## 05 - Clustering Unknown Contacts
*Unsupervised exploration to find hidden patterns in the murky waters*

In [None]:
from pathlib import Path
import pandas as pd
import numpy as np
import matplotlib.pyplot as plt
from sklearn.preprocessing import StandardScaler
from sklearn.cluster import KMeans
from sklearn.metrics import silhouette_score

In [7]:
project_root = Path.cwd().parent
df_all = pd.read_csv(project_root / 'data' / 'features' / 'contact_features.csv')
df = df_all[df_all['category'] == 'Unknown'].copy()

In [None]:
clustering_features = [
    'pct_business_hours',
    'pct_late_night',
    'avg_hour',
    'avg_duration',
    'max_duration',
    'calls_per_month',
    'days_active',
]

### Feature Selection
*Picking the behavioral fingerprint*

We skip total_duration and total_calls - these are captured by calls_per_month and avg_duration. Redundant features skew clustering distance calculations

In [9]:
X = df[clustering_features].copy()
X.head()

Unnamed: 0,pct_business_hours,pct_late_night,avg_hour,avg_duration,max_duration,calls_per_month,days_active
1,1.0,0.0,10.0,4.0,4,1.0,0
2,1.0,0.0,10.0,39.0,73,2.0,0
3,1.0,0.0,9.0,18.0,18,1.0,0
4,0.615385,0.015385,14.223077,18.0,462,58.208955,37
5,0.909091,0.0,11.181818,8.0,62,0.56314,556


### Scale Features
*Standardization so duration doesn't dominate*

In [10]:
scaler = StandardScaler()
X_scaled = scaler.fit_transform(X)

### Finding Optimal K
*How many clusters should we use?*

- **Elbow method** measures cluster tightness - look for where adding clusters stops helping
- **Silhouette score** measures separation - higher is better

In [None]:
inertias = []
silhouettes = []
K_range = range(2, 11)

for k in K_range:
    kmeans = KMeans(n_clusters=k, random_state=42, n_init=10)
    kmeans.fit(X_scaled)
    inertias.append(kmeans.inertia_)
    silhouettes.append(silhouette_score(X_scaled, kmeans.labels_))

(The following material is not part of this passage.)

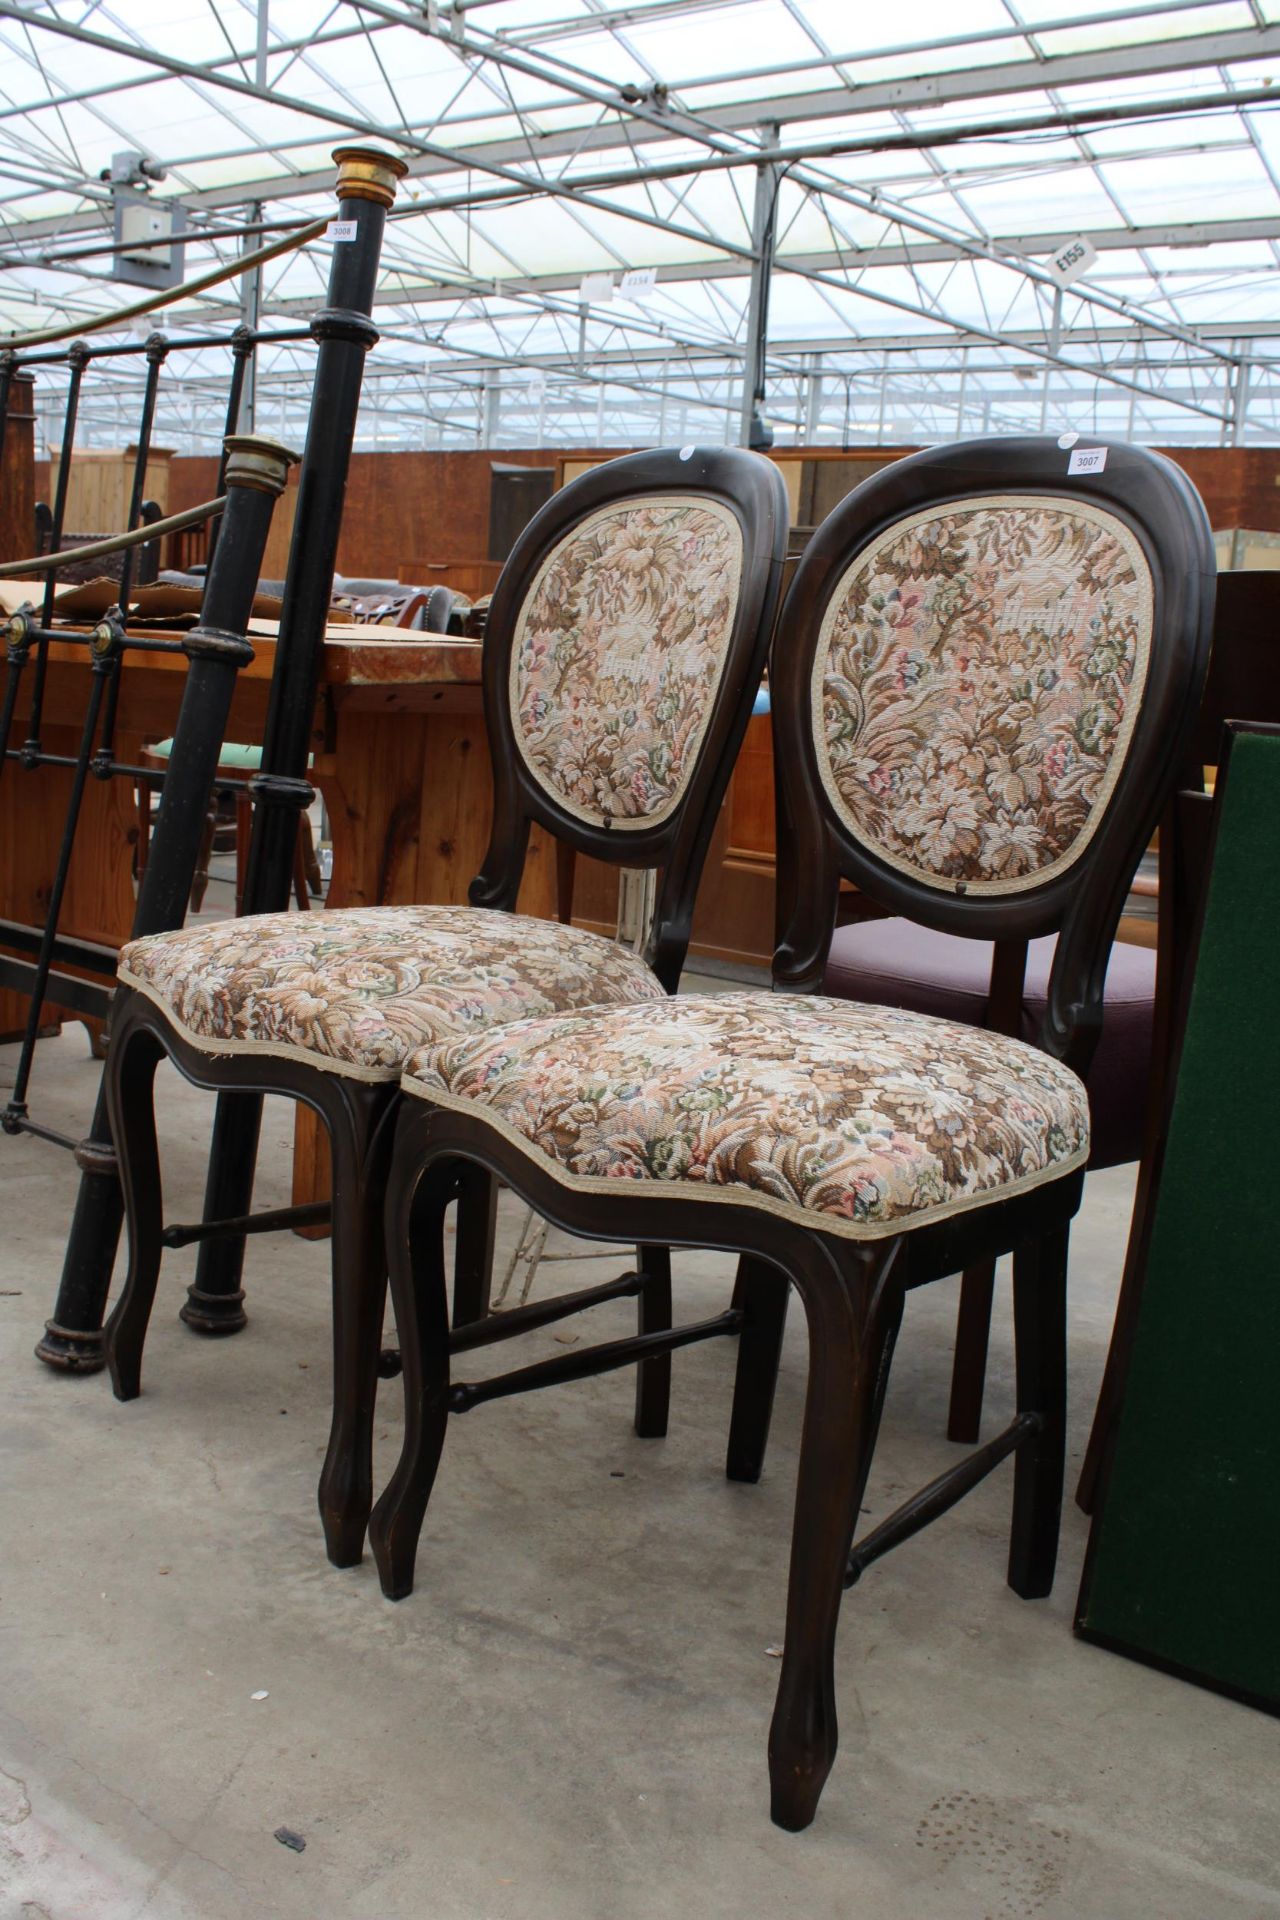 A PAIR OF VICTORIAN STYLE DINING CHAIRS - Image 2 of 2
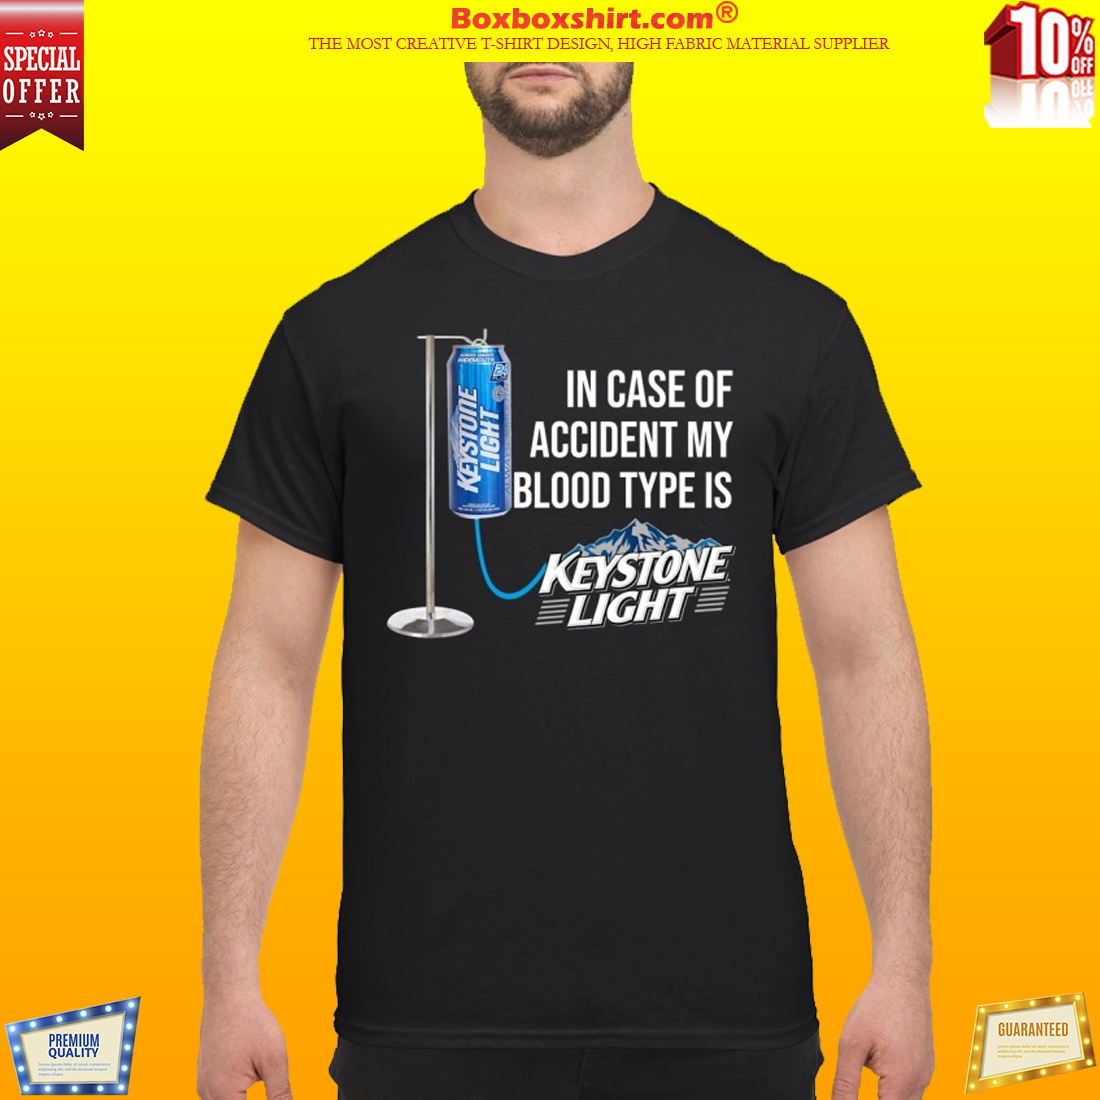 In case of accident my blood type is Keystone Light shirt

fig, axes = plt.subplots(1, 2, figsize=(12, 4))

axes[0].plot(K_range, inertias, 'bo-', linewidth=2, markersize=8)
axes[0].set_xlabel('Number of Clusters (K)')
axes[0].set_ylabel('Inertia')
axes[0].set_title('Elbow Method')

axes[1].plot(K_range, silhouettes, 'go-', linewidth=2, markersize=8)
axes[1].set_xlabel('Number of Clusters (K)')
axes[1].set_ylabel('Silhouette Score')
axes[1].set_title('Silhouette Score')

plt.tight_layout()
plt.show()

Elbow bends around K=5, silhouette peaks around K=7. We go with K=5 - we have 4 known categories, so a 5th might expose a hidden group

### K-Means Clustering
*Letting the algorithm find 5 groups*

In [12]:
kmeans = KMeans(n_clusters=5, random_state=42, n_init=10)
df['cluster'] = kmeans.fit_predict(X_scaled)

df['cluster'].value_counts().sort_index()

  ret = a @ b
  ret = a @ b
  ret = a @ b
  current_pot = closest_dist_sq @ sample_weight
  current_pot = closest_dist_sq @ sample_weight
  current_pot = closest_dist_sq @ sample_weight


cluster
0    1218
1     501
2      16
3     217
4      25
Name: count, dtype: int64

### Where Did the Muffens Land?
*Tracking our suspicious five*

In [13]:
muffens = ['Duma', 'Eric', 'Alli', 'Park', 'Zohra']
df[df['name'].isin(muffens)][['name', 'cluster'] + clustering_features]

Unnamed: 0,name,cluster,pct_business_hours,pct_late_night,avg_hour,avg_duration,max_duration,calls_per_month,days_active
32,Alli,4,0.659669,0.0,12.898343,22.0,2068,26.38484,999
320,Duma,4,0.304762,0.128571,14.038095,24.5,1769,19.626168,291
389,Eric,3,0.310502,0.041096,14.305936,27.0,1722,6.865204,927
1246,Park,3,0.728223,0.0,13.393728,5.0,372,13.909532,589
2062,Zohra,3,0.689655,0.0,12.098522,40.0,818,11.825243,485


Duma and Alli landed in Cluster 4, while Eric, Park, and Zohra are in Cluster 3. Interesting - Duma and Eric split

### Cluster Profiles
*What does each group look like?*

In [14]:
df.groupby('cluster')[clustering_features].mean().round(2)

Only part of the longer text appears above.